On June 15, 2020, the Company purchased units of equity in Rise Interactive Media & Analytics, LLC (“Rise”) from a previous holder in the form of a $15.9 million note payable paid in full on October 1, 2020, and $1.0 million cash paid on June 15, 2020. In addition, on June 15, 2020, Rise purchased and retired units of equity from previous holders of Rise for $5.4 million in cash. These transactions result in the Company’s ownership interest to change from 57% to 99%. The Company began consolidating the results of Rise in the Company’s condensed consolidated financial statements when its equity ownership increased to 57% on March 14, 2018. The portion of Rise’s operating results not owned by the Company of 43% through June 15, 2020 and of 1% after June 15, 2020 is recorded as net earnings (loss) attributable to noncontrolling interests on the condensed consolidated statement of operations. The portion of net assets not owned by the Company is recorded as noncontrolling interests as of the respective dates shown on the condensed consolidated balance sheets.

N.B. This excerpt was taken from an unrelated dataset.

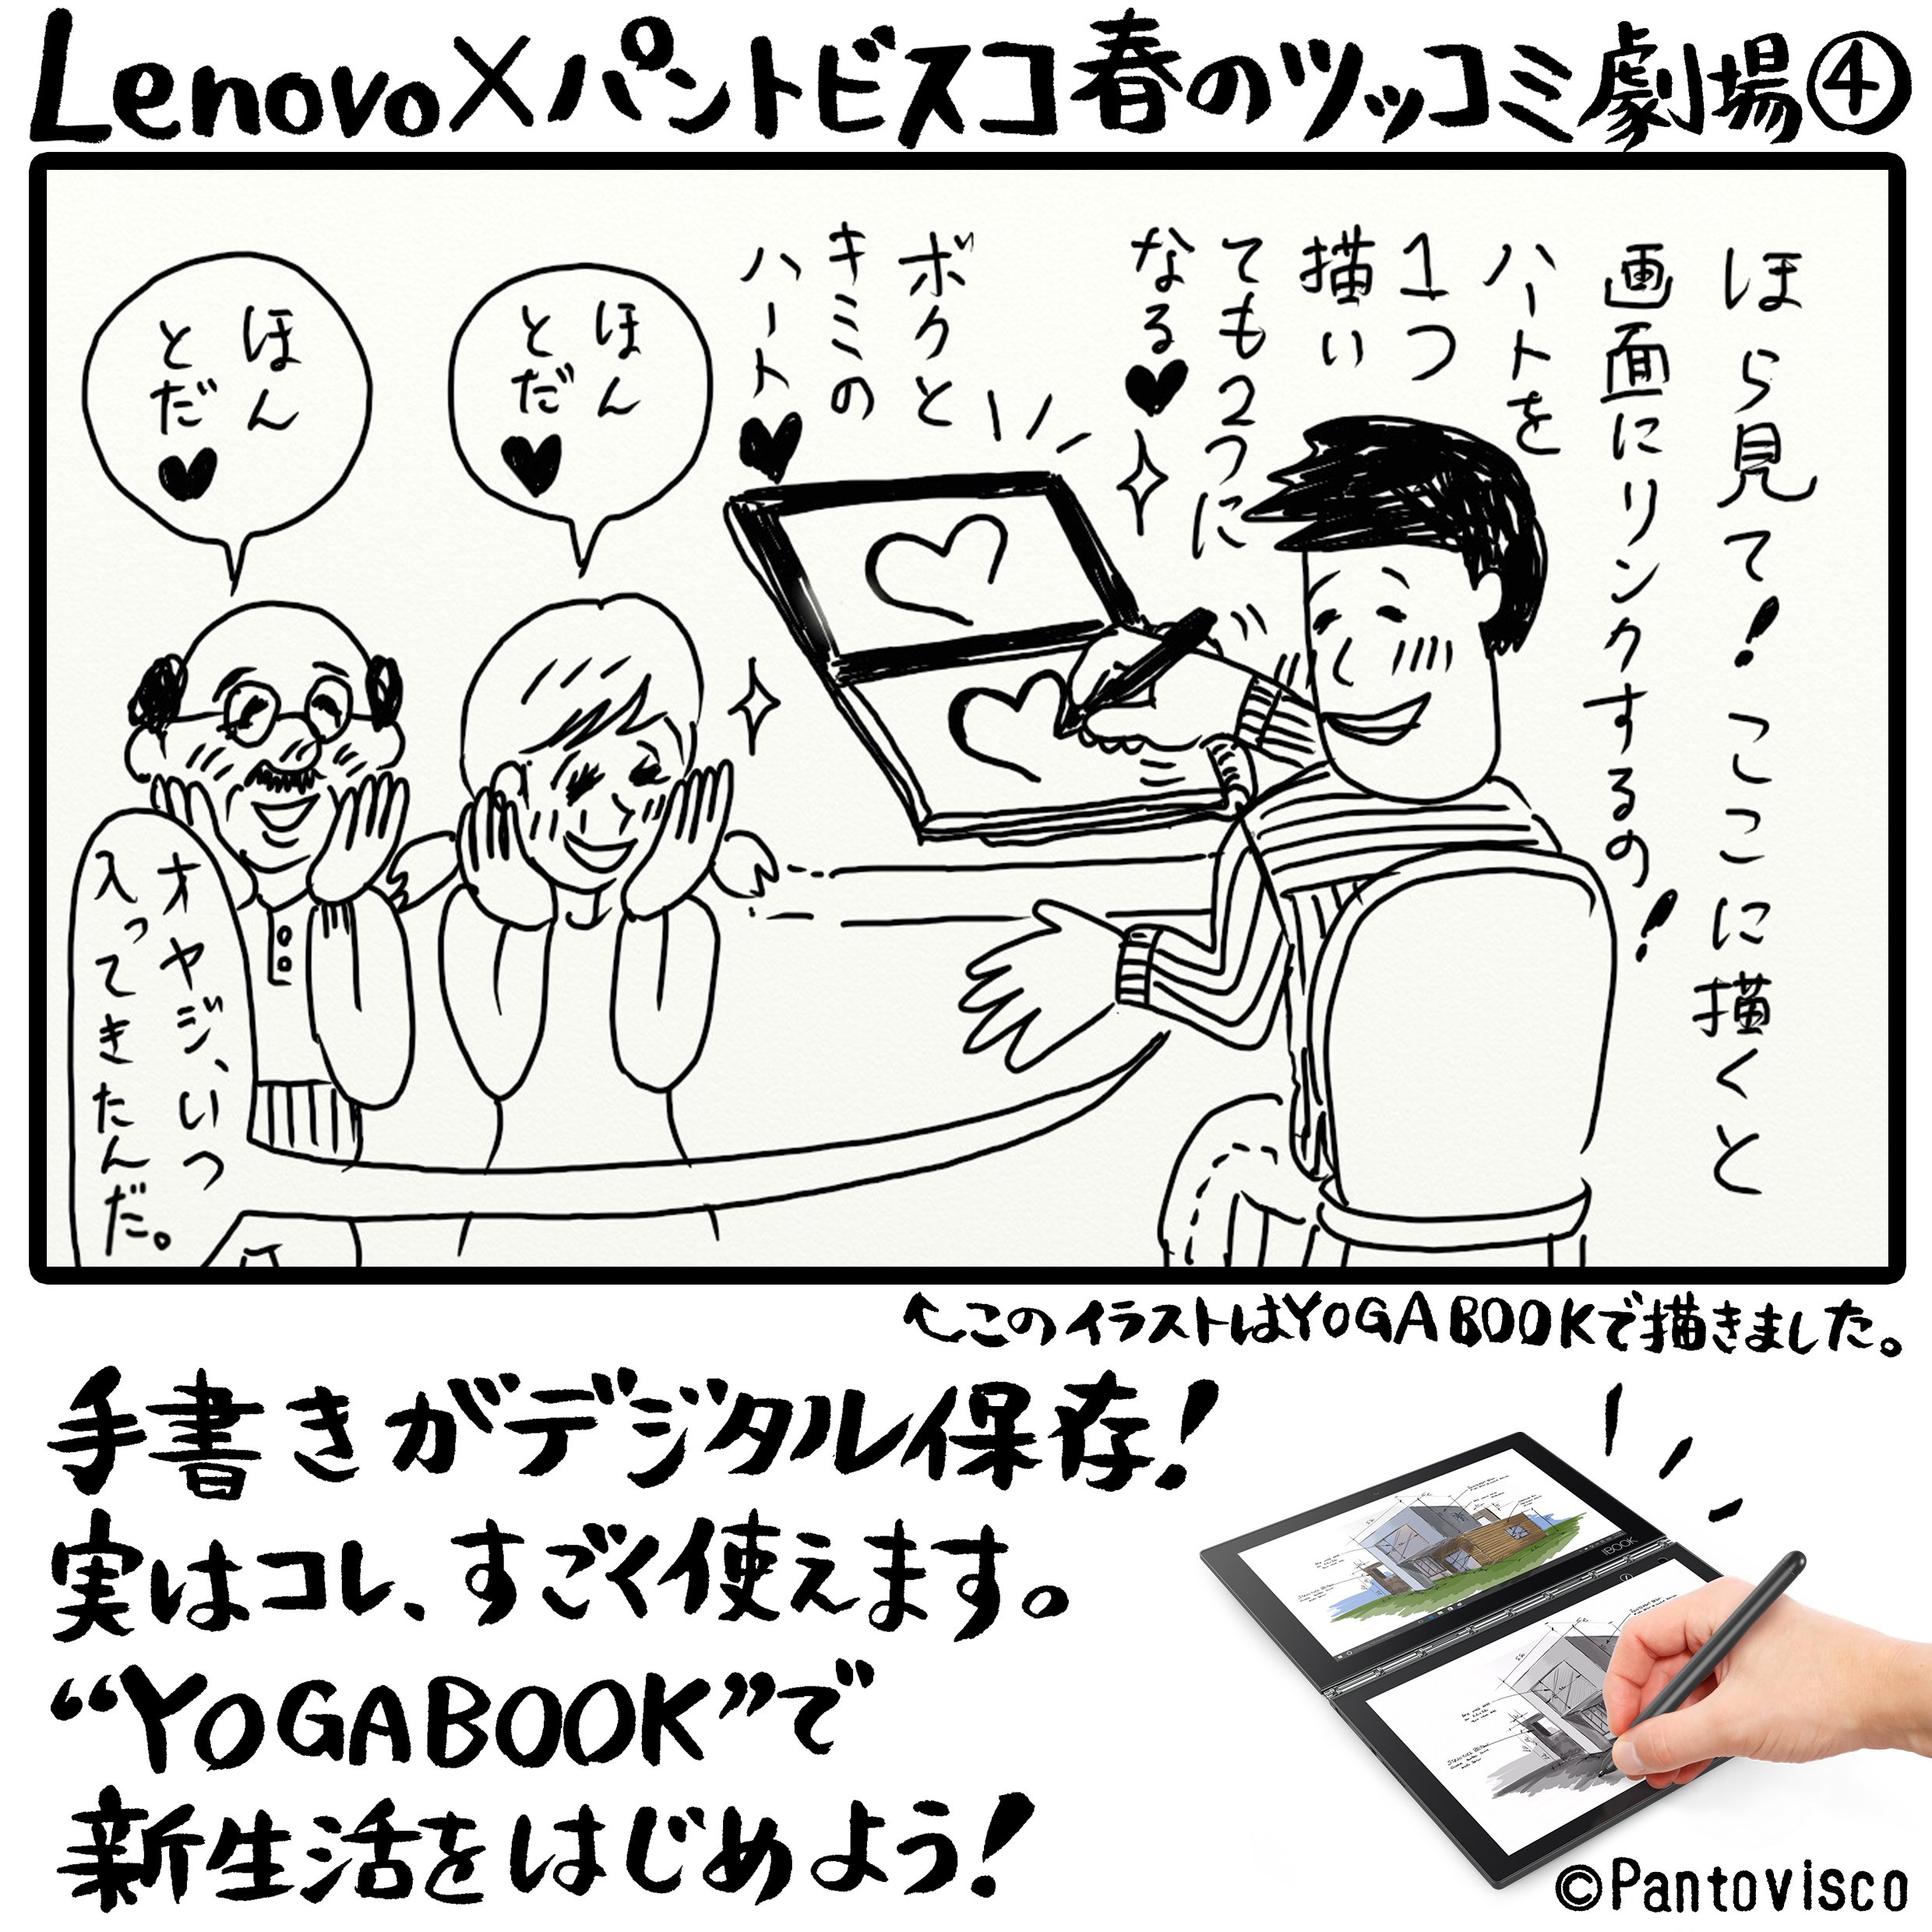 Lenovo Japan Lenovo パントビスコ 春のツッコミ劇場 その４ オヤジ邪魔するな 一人暮らし 彼氏の家 付き合う ないない Yogabook Yogabookでイラスト描いてみた T Co Mmgmhbwnyj Twitter

2019 Acquisition of Periscope

On January 3, 2019, the Company completed the acquisition of Periscope, Inc. (“Periscope”), a creative agency headquartered in Minneapolis, Minnesota, for $121.0 million cash paid. Periscope provides a comprehensive service offering, including media buying and analytics, creative and account management. Periscope also has packaging design and premedia services that complement Quad’s print-production capabilities. The purchase price of $134.0 million includes $9.8 million of acquired cash and non-cash equity incentive awards with a grant date fair value of $3.2 million. Included in the purchase price allocation are $69.8 million of identifiable other intangible assets, which are amortized over their estimated useful lives, ranging from five to six years, and $58.5 million of goodwill, of which $52.7 million is deductible for tax purposes. The final allocation of the purchase price was based on valuations performed to determine the fair value of the net assets as of the acquisition date. The net assets acquired, excluding acquired cash, were classified as Level 3 in the valuation hierarchy (see Note 13, “Financial Instruments and Fair Value Measurements,” for the definition of Level 3 inputs). Periscope’s operations are included in the United States Print and Related Services segment.